Grasmere Road
- Interactive map of Grasmere Road

Ground information
- Location: Cove, Hampshire
- Country: England
- Coordinates: 51°17′36″N 0°46′37″W﻿ / ﻿51.2934°N 0.7769°W
- Establishment: c. 1988

Team information
| Hampshire Cricket Board | (1999–2000) |

= Grasmere Road Ground =

Grasmere Road is a cricket ground located north of Farnborough Airport on Grasmere Road, from which the ground gets its name, in Cove, Hampshire, England. The ground is bordered by housing on its west and north sides, while to the south it is bordered by an open field and on its east side by woodland.
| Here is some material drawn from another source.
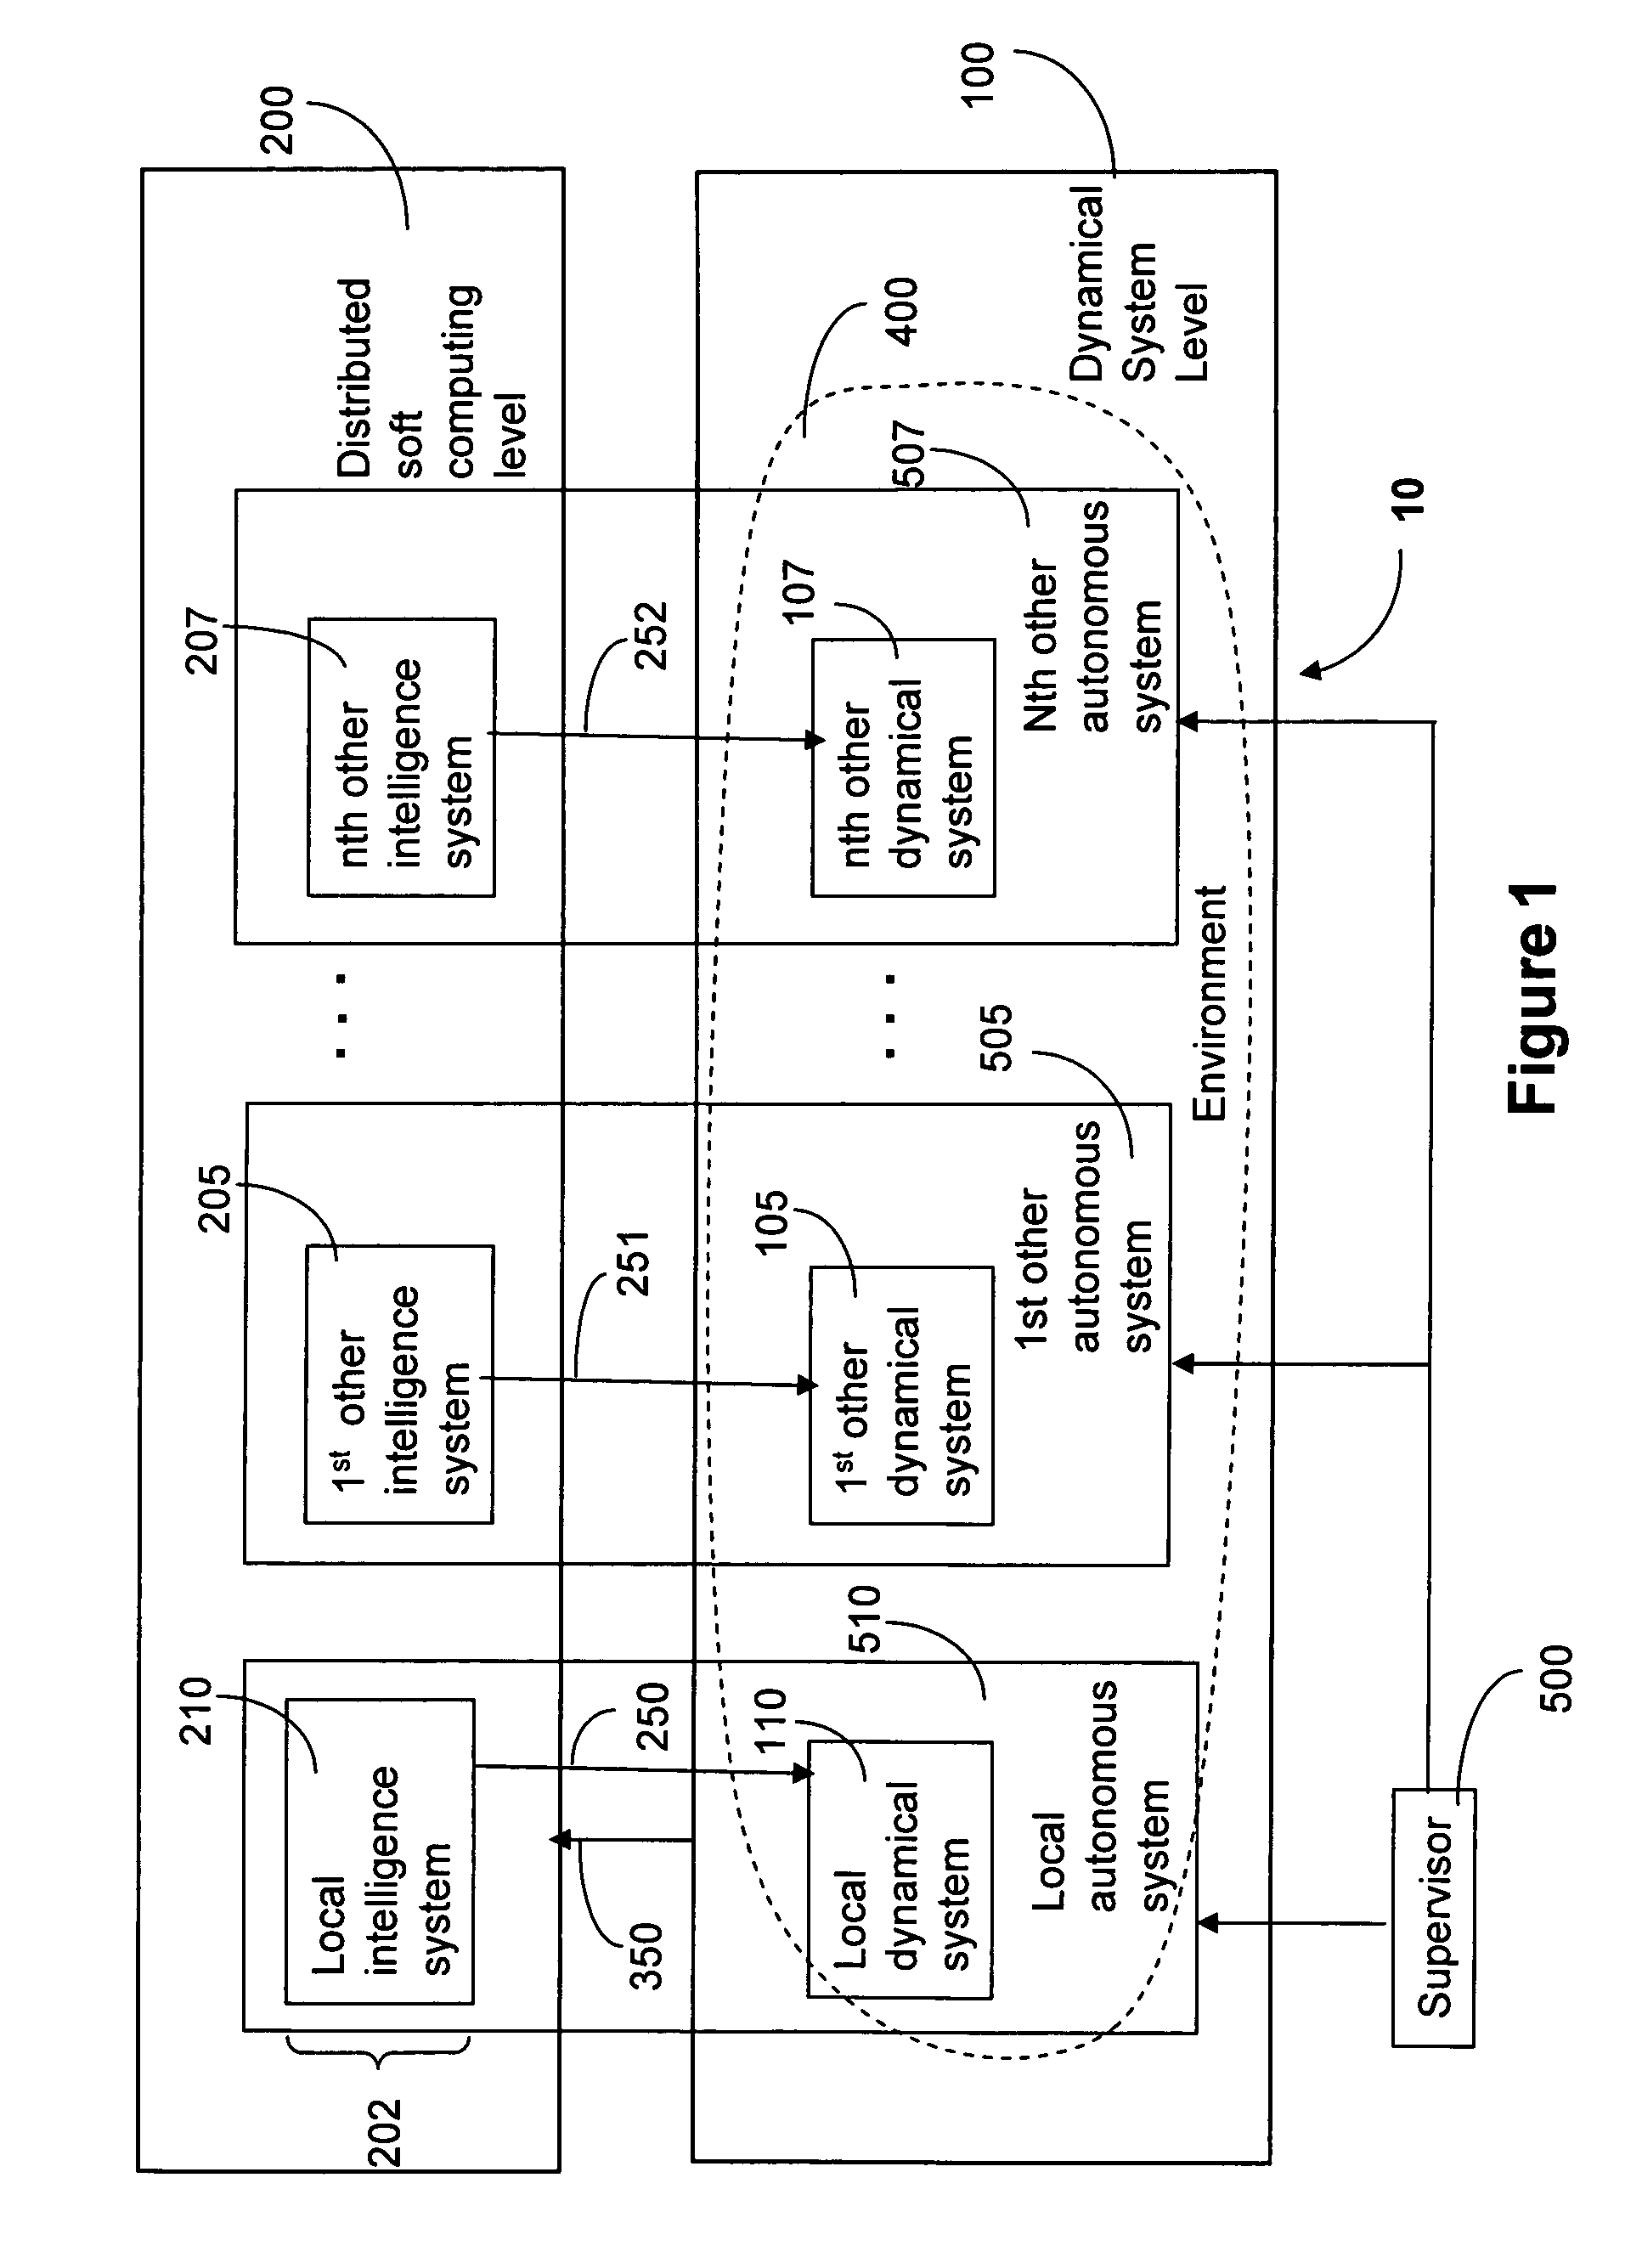 Method for soft-computing supervision of dynamical processes with multiple control objectives

The grounds facilities include a pavilion, practice nets and a scoreboard. The ground is owned by Cove Cricket Club, which was founded in 1935.
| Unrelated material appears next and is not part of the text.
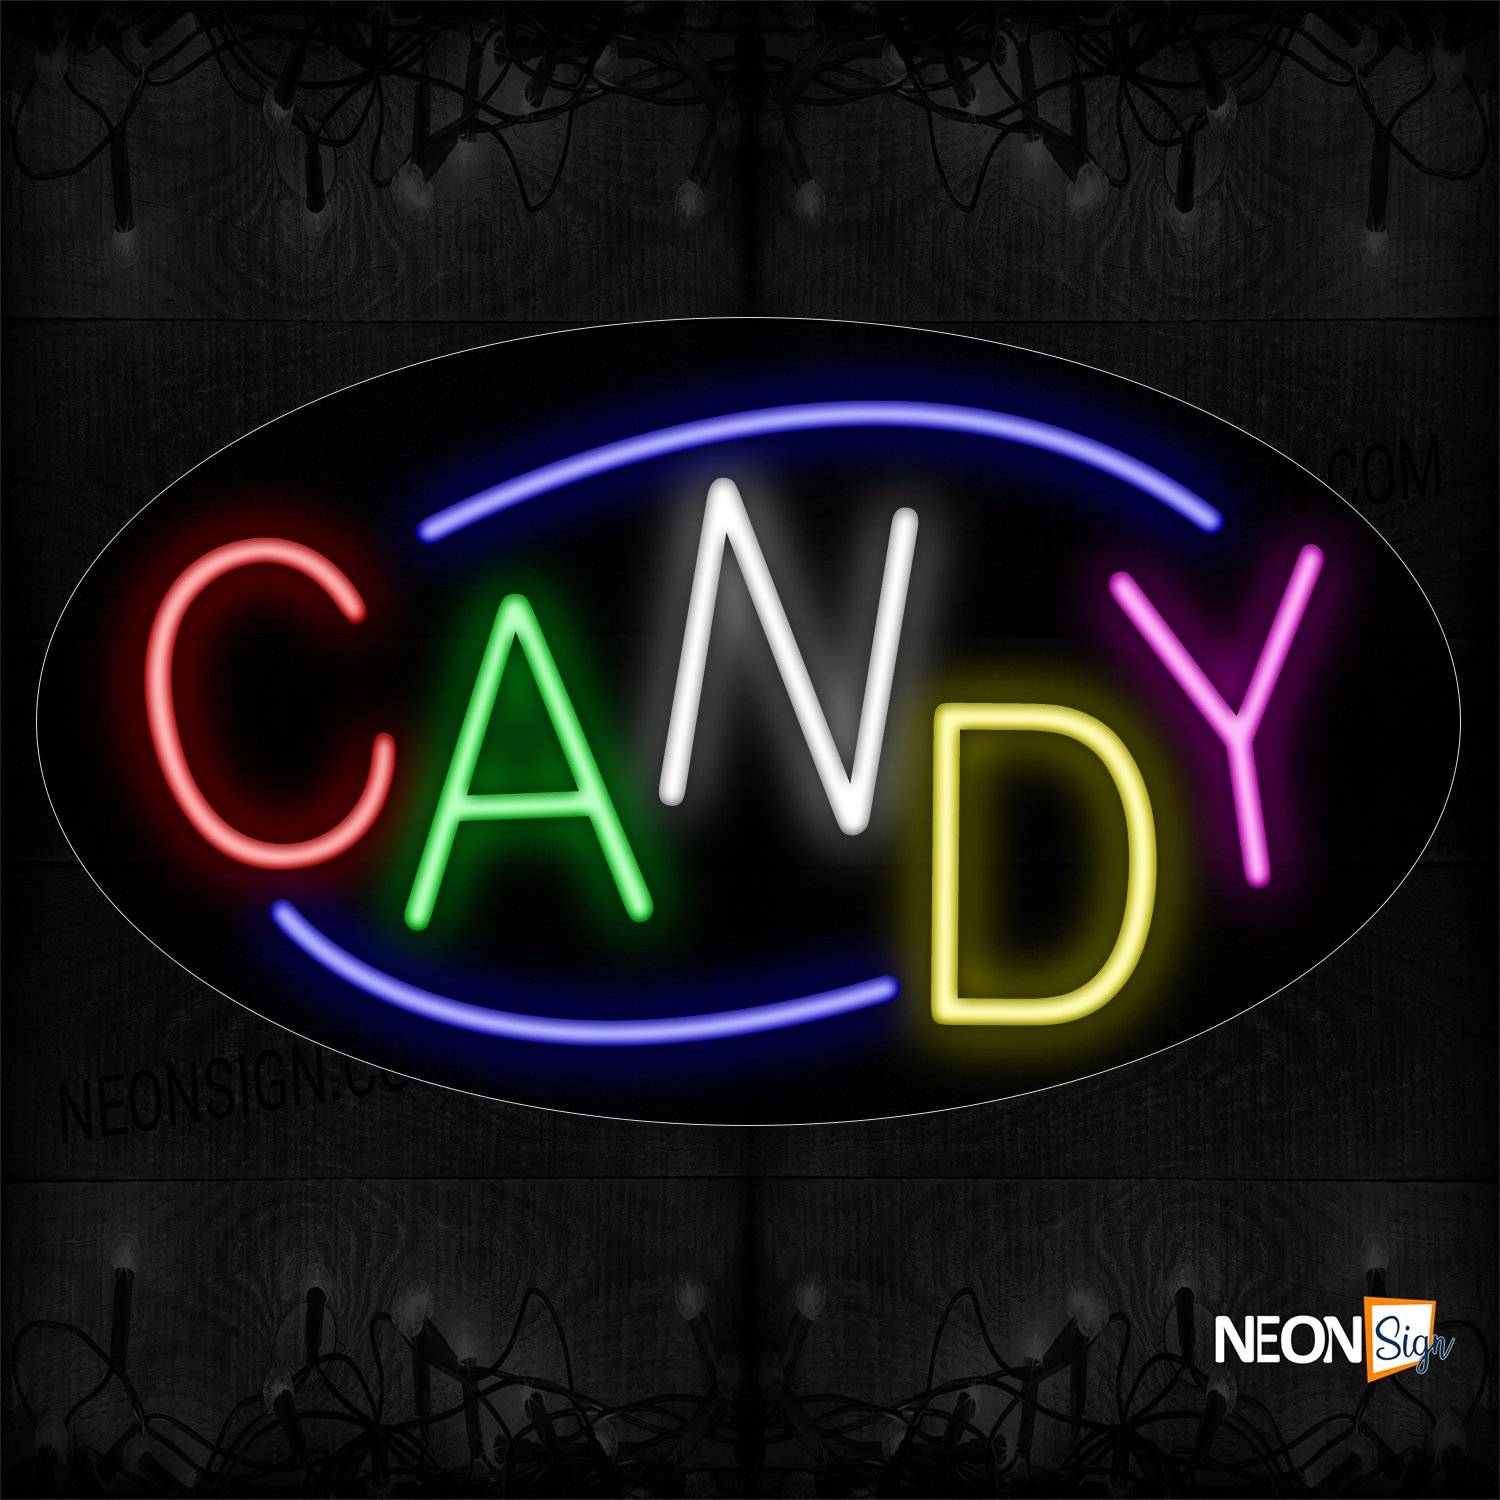 Image of 14168 Colorful Candy With Blue Arc Border Neon Sign_17x30 Contoured Black Backing

The first recorded match held on the ground came in 1988 when Hampshire Under-16s played Berkshire Under-16s. The ground was used by Cove Cricket Club and Hampshire age-group teams throughout the 1990s. The ground hosted a single MCCA Knockout Trophy match between the Hampshire Cricket Board and the Sussex Cricket Board in 1999, while the following season a single List A match was played there in the 2000 NatWest Trophy between the Hampshire Cricket Board and Huntingdonshire, which Huntingdonshire won by 28 runs. Ross Hunter of the Hampshire Cricket Board top scored in the match with 33, while the Hampshire Cricket Board's Christopher Yates and Huntingdonshire's Billy Young both took 3 wickets each.